Per quanto riguarda il mercato italiano, nel prossimo futuro saranno fondamentali una serie di elementi: le indicazioni di politica monetaria da parte della Bce nella prossima riunione di settembre; le indicazioni di politica monetaria da parte della Fed nella riunione del 31 luglio; l’evoluzione del tema guerra commerciale; la trimestrale degli istituti di credito, con una contrazione verosimile delle revenues e del margine di interesse, compensata da un minore costo del rischio.

In tale contesto, l’approccio sui tassi da parte della Bce potrebbe essere compensato positivamente da politiche di tiering più accomodanti.
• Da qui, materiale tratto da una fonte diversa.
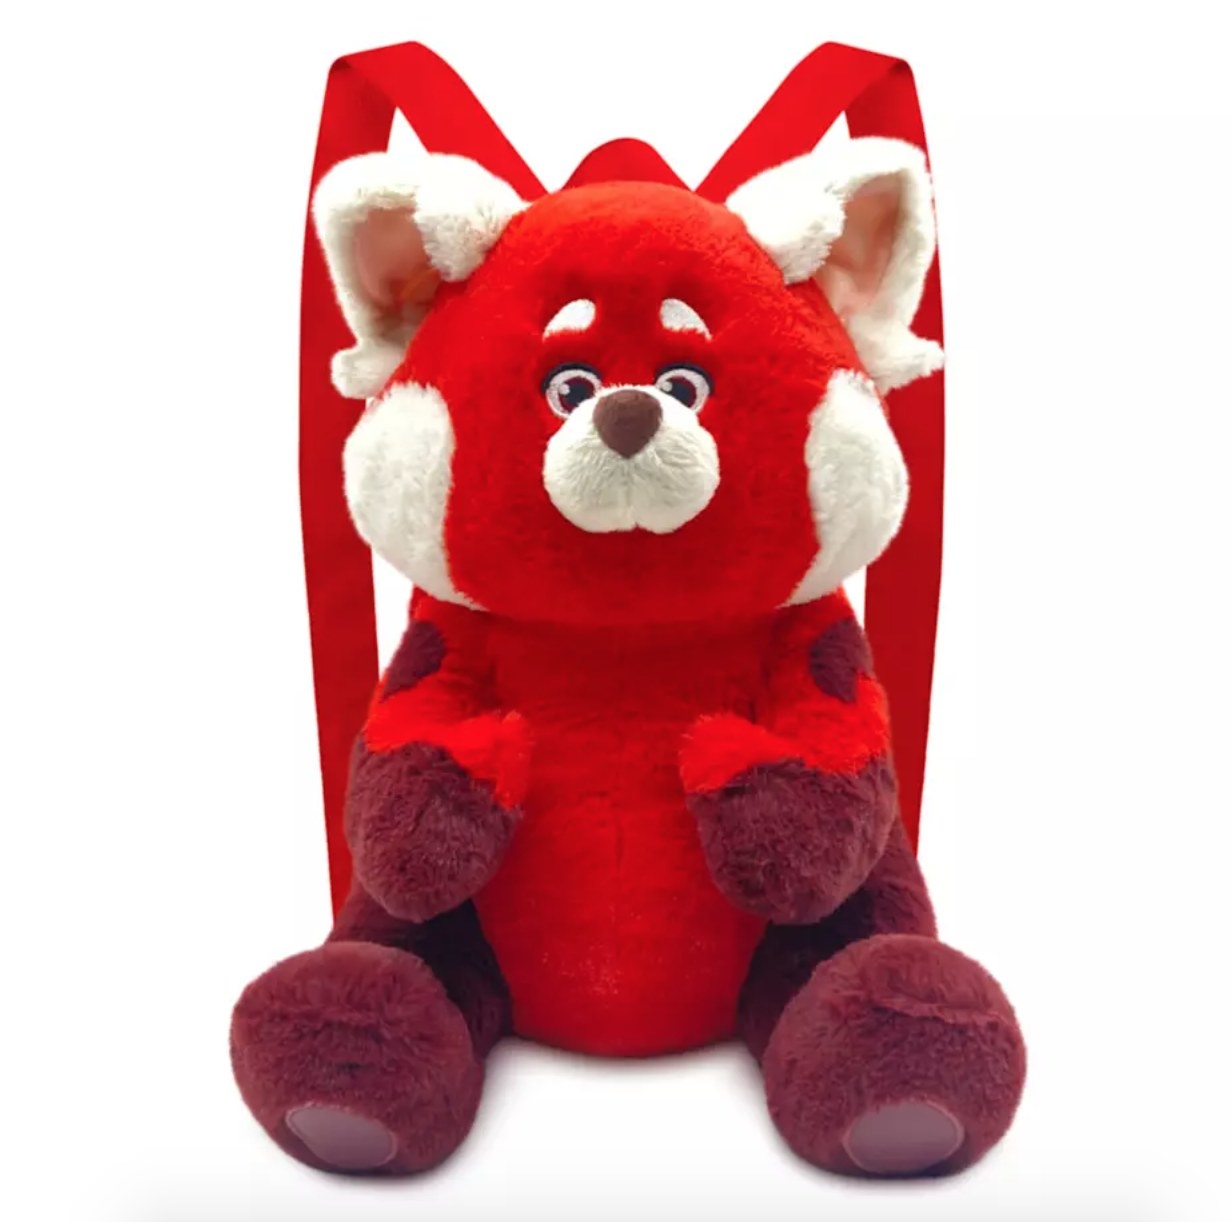 the red plush Mei panda backpack

Su quest’ultimo punto è interessante notare che i maggiori benefici sarebbero per le banche europee e non italiane, considerando il fatto che il decennale italiano rende ancora l’1.5% circa.

Operativamente, ci attendiamo una fase di ritracciamento dai livelli attuali o, caso migliore, stabilizzazione nell’area 21.500 / 22.000 per quanto riguarda l’indice FTSEMIB. Gli investitori hanno ormai fattorizzato l’atteggiamento accomodante da parte delle banche centrali con il recente recupero dei mercati azionari.

In mancanza di messaggi univoci a sostegno dell’economia da parte delle banche centrali e ulteriori stop alle trattative sulla guerra commerciale (o eventuale rottura di tali trattative), la possibilità di prese di profitto sarebbe concreta e l’attenzione ritornerebbe su elementi molto più legati all’evoluzione della crescita del Pil e al rischio di taglio stime di consensus per la seconda metà dell’anno. 

“In questa fase, le asset class più interessanti sono quelle interest rate sensitive, mentre il recente rimbalzo dei ciclici, con valutazioni ancora estremamente depresse, è determinato da aspettative che il contesto macro non peggiorerà ulteriormente, elemento su cui siamo ancora piuttosto scettici. Interessante è la possibilità di sfruttare la bassa volatilità, comprando hedging attraverso put/spread sull’indice alla luce del basso costo della volatilità stessa.